Por: Cuauhtémoc Calderón.
En política, como en los negocios, las organizaciones no fracasan por falta de ideas, talento o recursos. Fracasan por dinámicas internas que nadie quiere enfrentar. Equipos rotos por dentro que simulan cohesión por fuera. Equipos que no son tales, sino grupos de personas que simplemente comparten espacio, presupuesto o partido.
Patrick Lencioni, en su obra Las cinco disfunciones de un equipo, disecciona los males más comunes —y peligrosos— de las organizaciones modernas. Y lo hace con una claridad que debería ser obligatoria en todo gabinete, consejo directivo o comité ejecutivo. Esta columna expone cada una de esas disfunciones con aplicación directa al mundo real.
La falta de confianza: la raíz de todo lo que sale mal
Un equipo sin confianza es un equipo condenado. Pero Lencioni no habla de la confianza superficial de saludos amables o selfies compartidas. Habla de la confianza que nace de la vulnerabilidad: la capacidad de admitir errores, decir “no sé”, reconocer que se necesita ayuda.
En política, esa vulnerabilidad es vista como debilidad. Y por eso se oculta. En la empresa, suele castigarse con burla o exclusión. El resultado es una cultura de miedo, donde cada quien se protege, nadie se sincera y el equipo se convierte en una guerra fría de silencios y agendas personales. Sin confianza, todo lo demás es simulación.
El miedo al conflicto: la armonía que mata
Una vez que no hay confianza, los desacuerdos se evitan. Y eso es fatal. El conflicto es el oxígeno del pensamiento crítico. No estamos hablando de gritos ni confrontaciones personales, sino de debates francos sobre lo que importa.
Cuando nadie quiere confrontar al jefe o al líder político por miedo a represalias, cuando todos callan para “no crear problemas”, lo que se destruye es la posibilidad de tomar buenas decisiones.
La falsa armonía es un veneno lento. Mata la creatividad, destruye la claridad y convierte a los equipos en masas obedientes que marchan directo al fracaso.
El buen liderazgo no busca silencio: busca verdad.
La falta de compromiso: decisiones sin alma
Cuando no se discute a fondo, cuando las voces no se escuchan, el compromiso se vuelve mecánico. Se acuerda lo mínimo. Se firma, se publica, se proclama… pero nadie cree realmente en lo que se decidió.
En la política mexicana esto es evidente: planes de gobierno que nadie del equipo defiende porque nunca fueron debatidos; reformas empresariales impulsadas por áreas que no dialogan entre sí. El compromiso real nace de la claridad y la claridad nace del conflicto productivo.
La evasión de responsabilidades: el cáncer de los equipos tibios
Una de las fallas más extendidas en gobiernos y empresas es la incapacidad de exigirnos entre nosotros. Cuando el compromiso se diluye, nadie siente el deber de rendir cuentas.

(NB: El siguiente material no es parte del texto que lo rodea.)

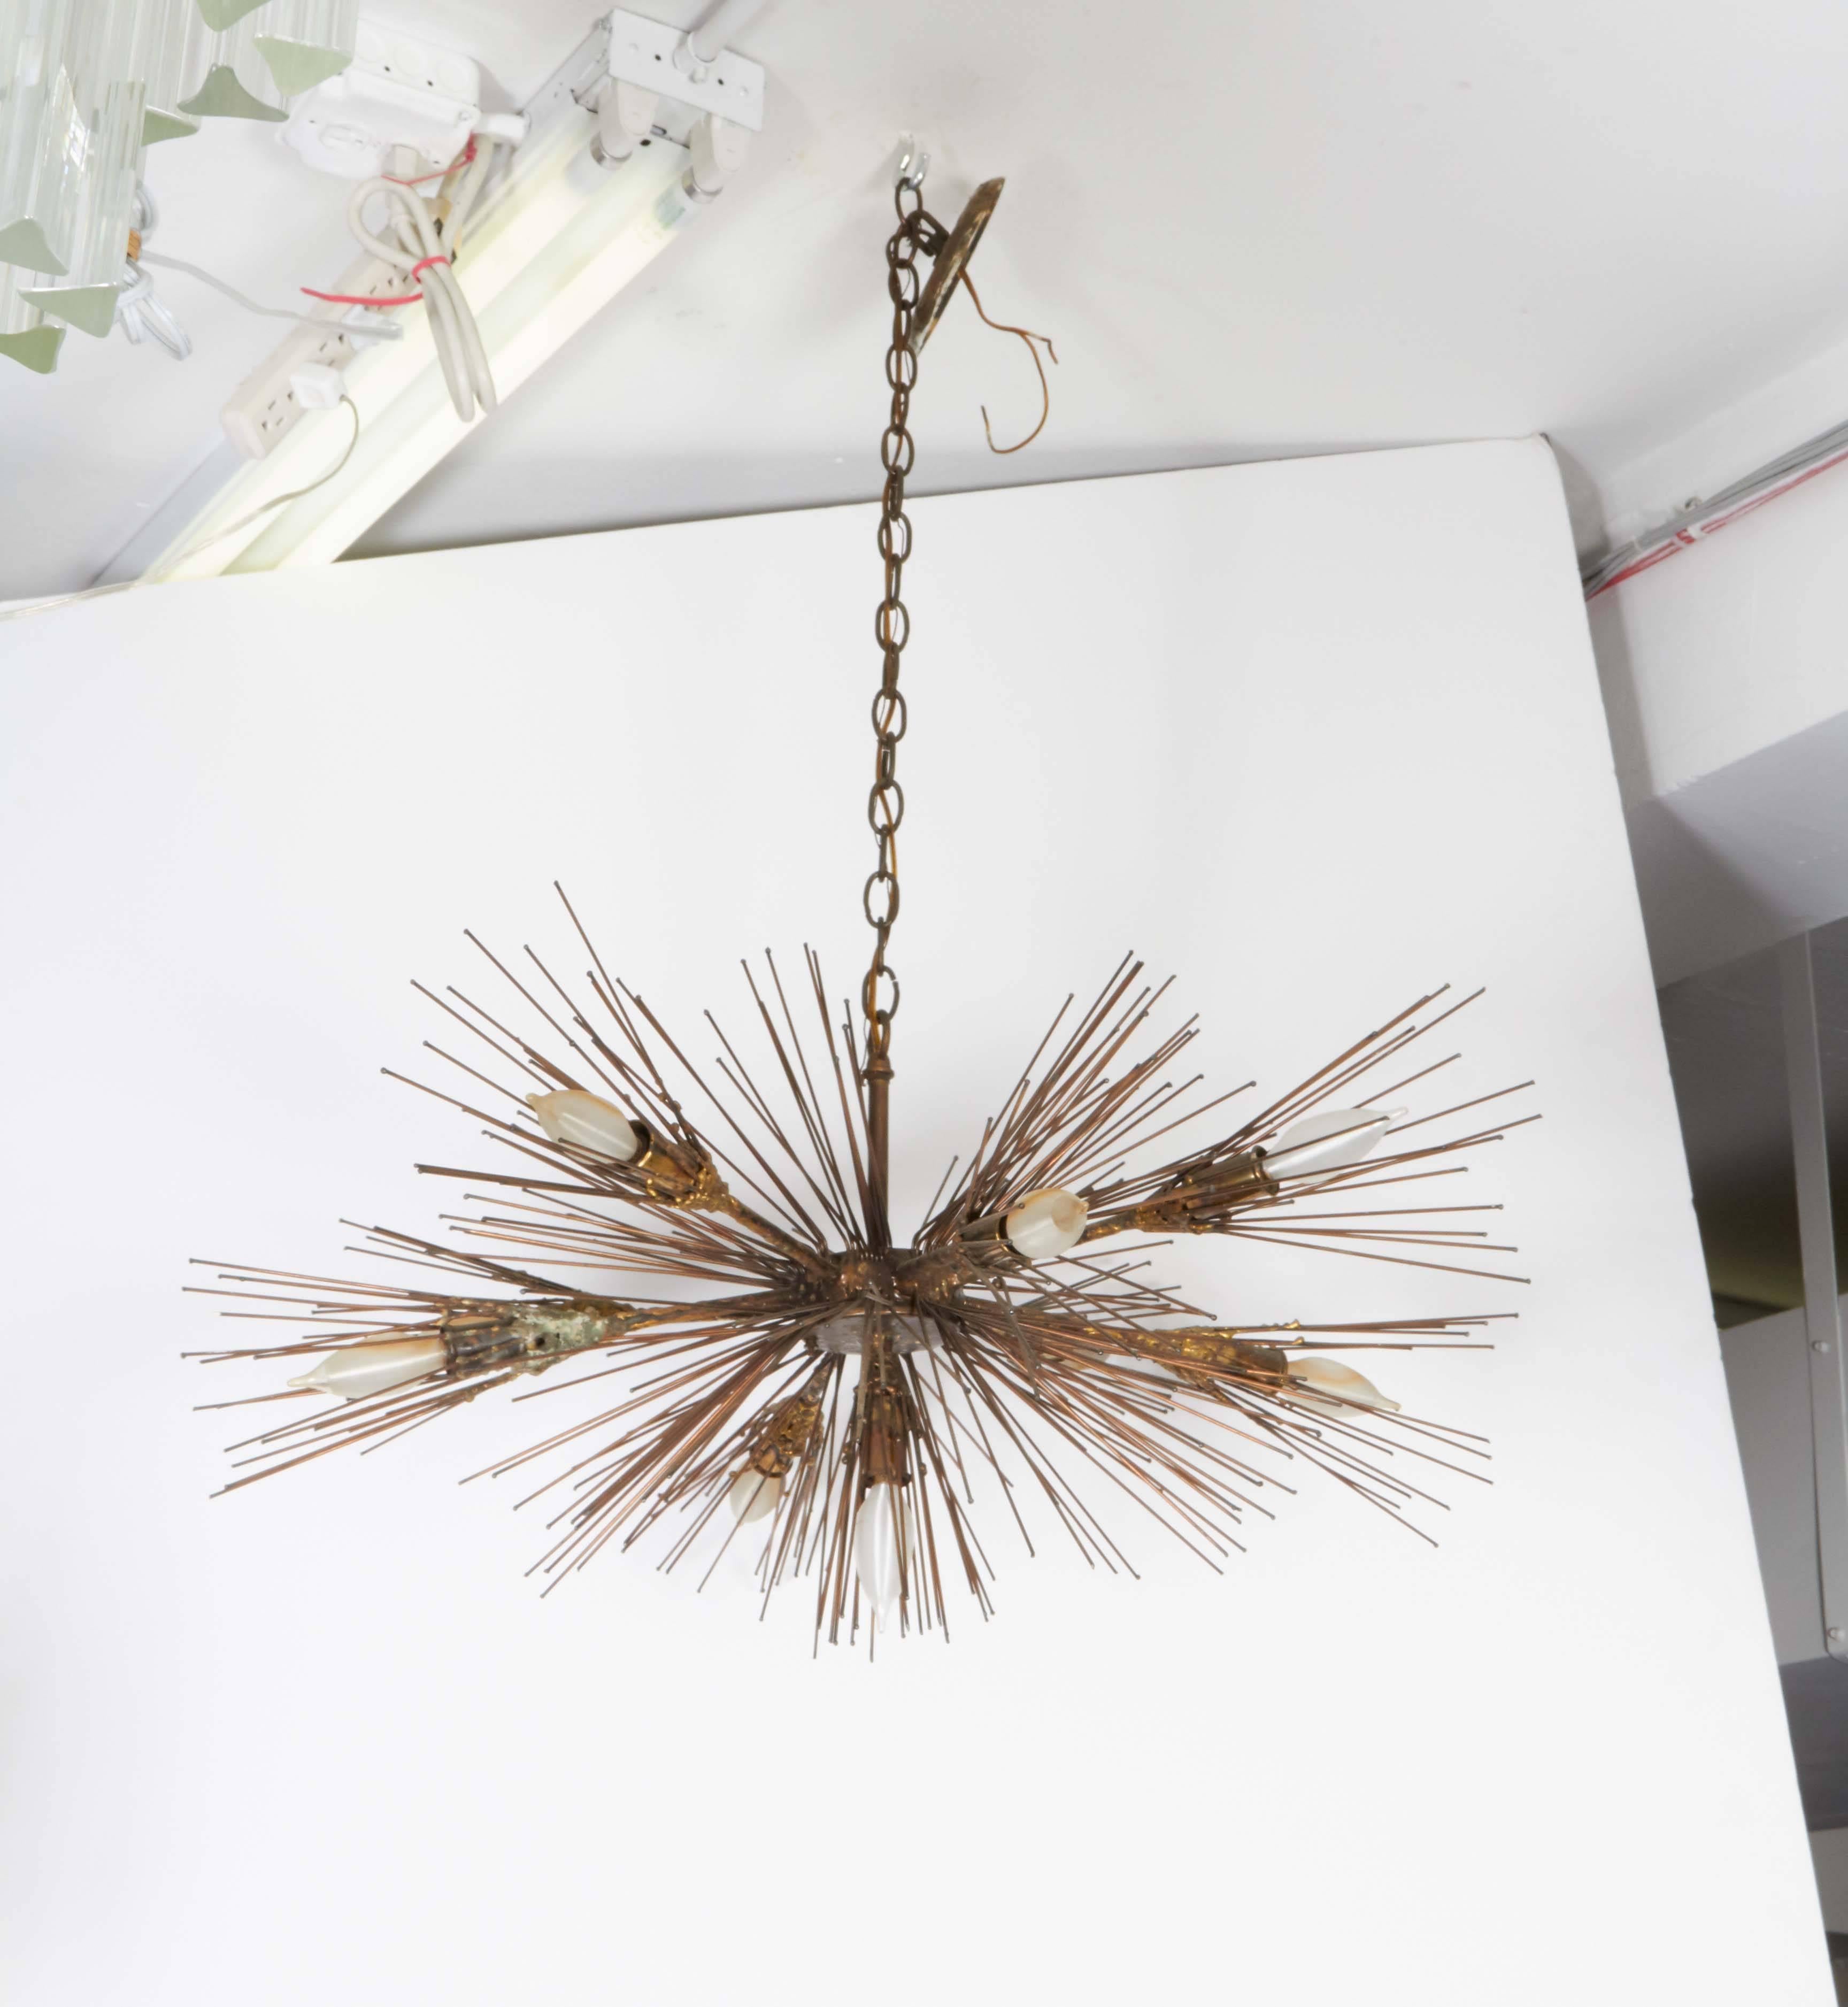 A Mid-Century Modern era urchin Sputnik chandelier, manufactured by the Feldman Company, crafted of soldered metal spires with gilding and verdigris finish. Includes original manufacturer's label. Very good vintage condition, wear consistent with

“Eso no me toca”, “yo no fui”, “pregúntale a otro”… Es el síndrome de la corresponsabilidad ausente. Y es más común de lo que se cree.
Lencioni subraya que los equipos sanos no solo aceptan el liderazgo vertical, también practican la exigencia horizontal: compañeros que se exigen entre sí estándares altos. Un equipo que no se autocorrige es un equipo que se autodestruye.
La falta de atención a los resultados: cuando el ego reemplaza la misión
En la cima de la pirámide está el síntoma más grave: cuando los intereses individuales superan el objetivo común. Cuando importa más “quedar bien”, “mantener el cargo”, “ganar la narrativa” que lograr resultados reales.
En política, esto se traduce en gobiernos centrados en su imagen y no en su impacto. En negocios, en directores que buscan premios más que rendimiento.
El resultado es la víctima silenciosa de los equipos disfuncionales. Y el país, la empresa o la comunidad terminan pagando el costo.
Los equipos se construyen, no se improvisan
Liderar no es solo ocupar un cargo. Es crear condiciones para que un grupo funcione con confianza, claridad, responsabilidad y enfoque. Los equipos disfuncionales no nacen, se permiten.
La buena noticia es que también pueden corregirse. Pero eso exige algo que no siempre se encuentra en los escritorios del poder: humildad, honestidad y voluntad de cambio. Y eso, como siempre, empieza arriba.